_The problem_
Copy out exactly the lines spanning the line with "Niedrigste Flugpreise Wort" to the line with "Lettere dell'alfabeto del", inclusive, from the data underneath, with no pictures.

_Data in this exercise_
>>

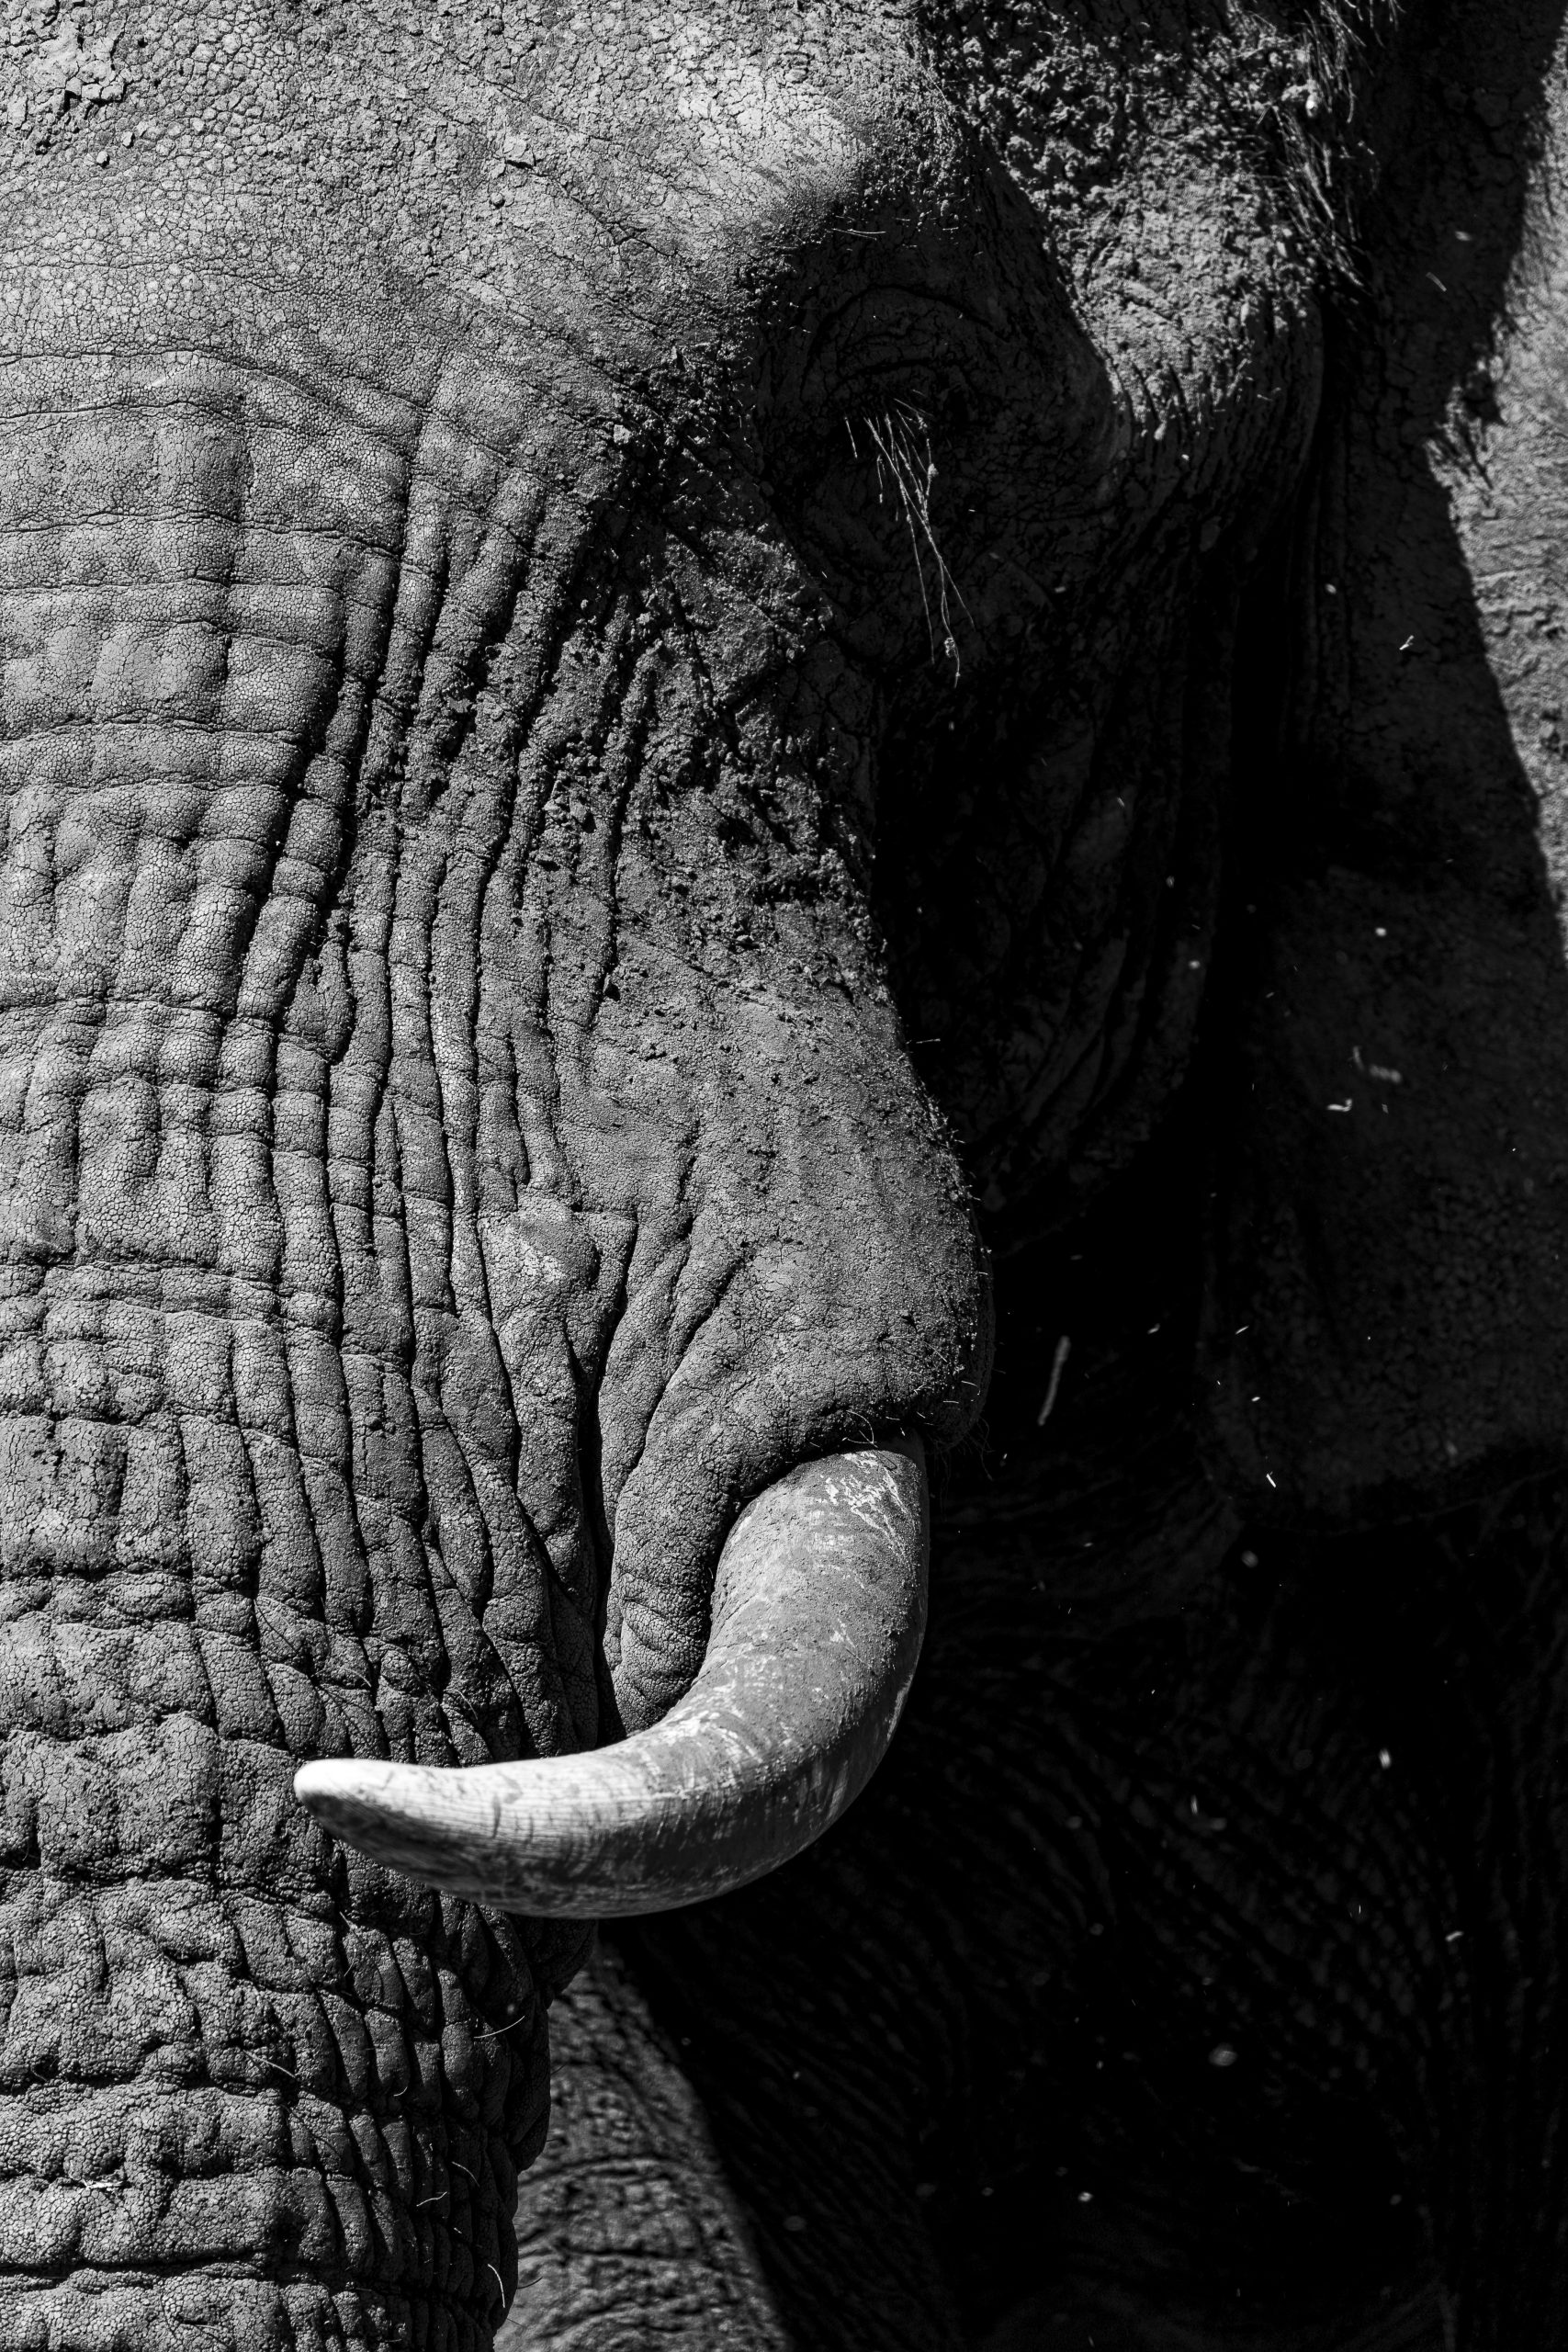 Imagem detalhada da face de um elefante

<<
>>

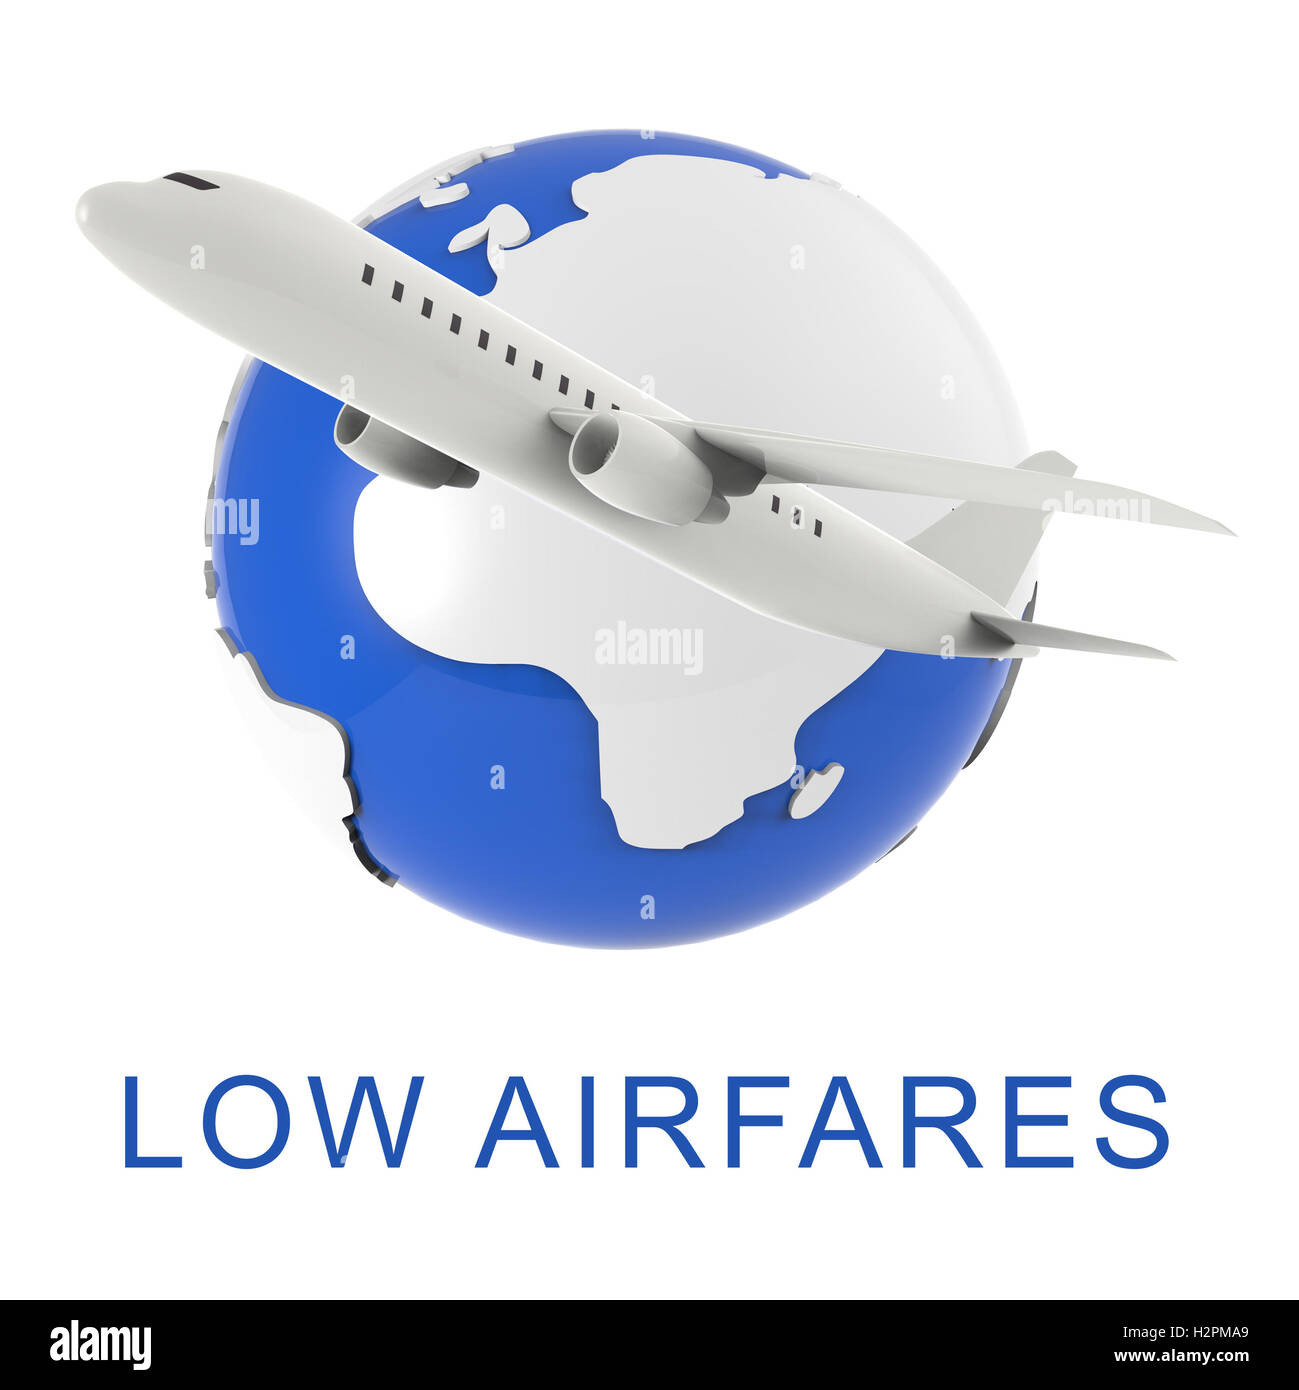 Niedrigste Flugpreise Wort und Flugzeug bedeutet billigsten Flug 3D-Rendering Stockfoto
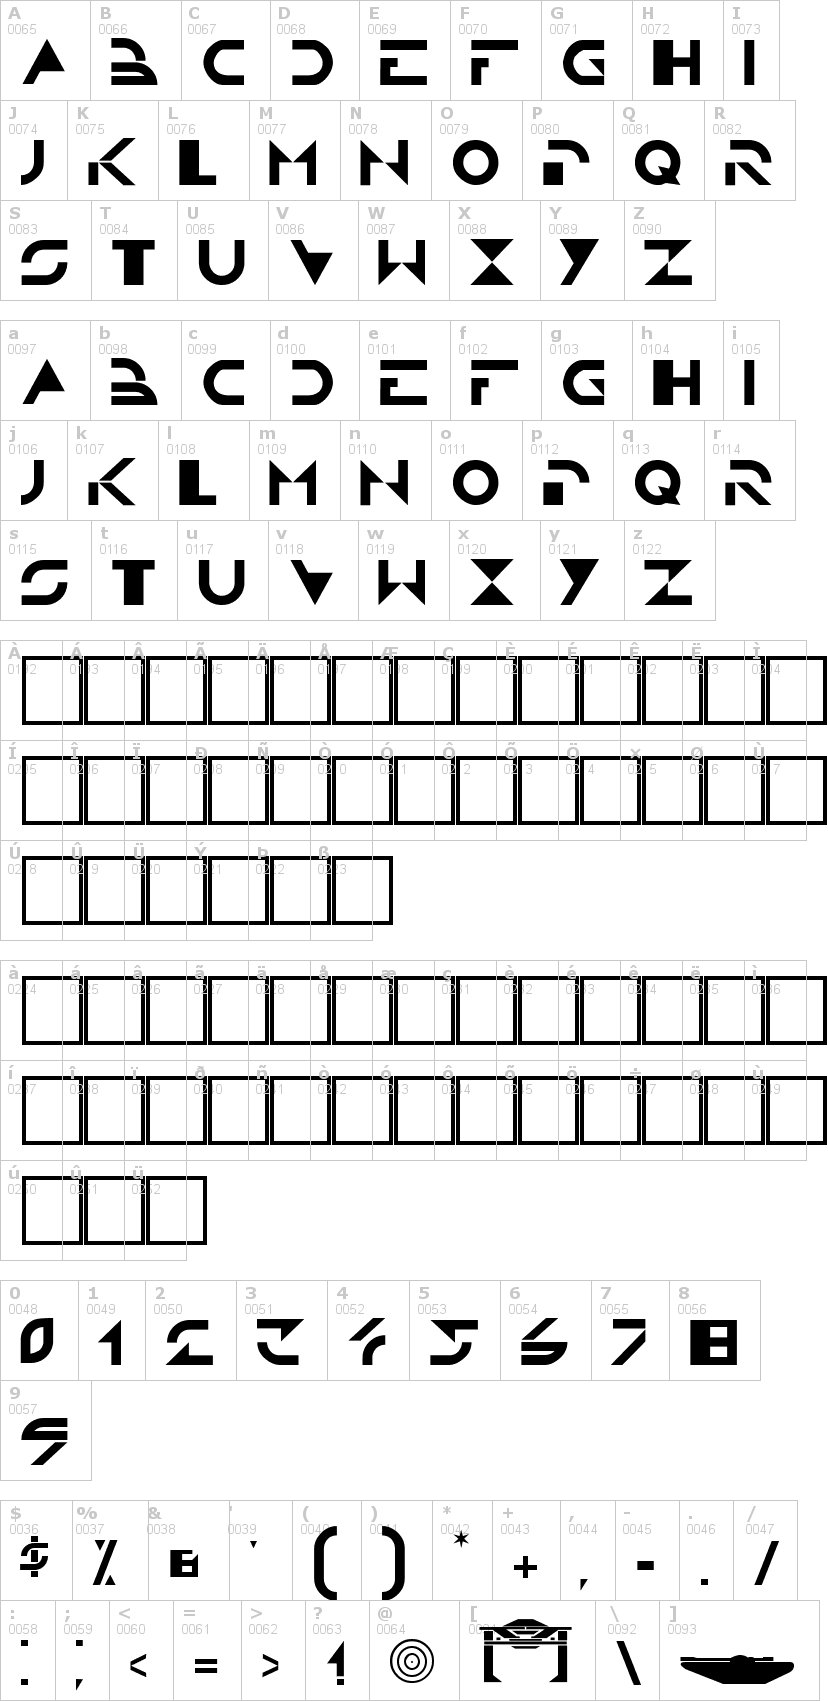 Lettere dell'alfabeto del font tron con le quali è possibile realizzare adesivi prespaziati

<<

_Task result_
 Niedrigste Flugpreise Wort und Flugzeug bedeutet billigsten Flug 3D-Rendering Stockfoto
 Lettere dell'alfabeto del font tron con le quali è possibile realizzare adesivi prespaziati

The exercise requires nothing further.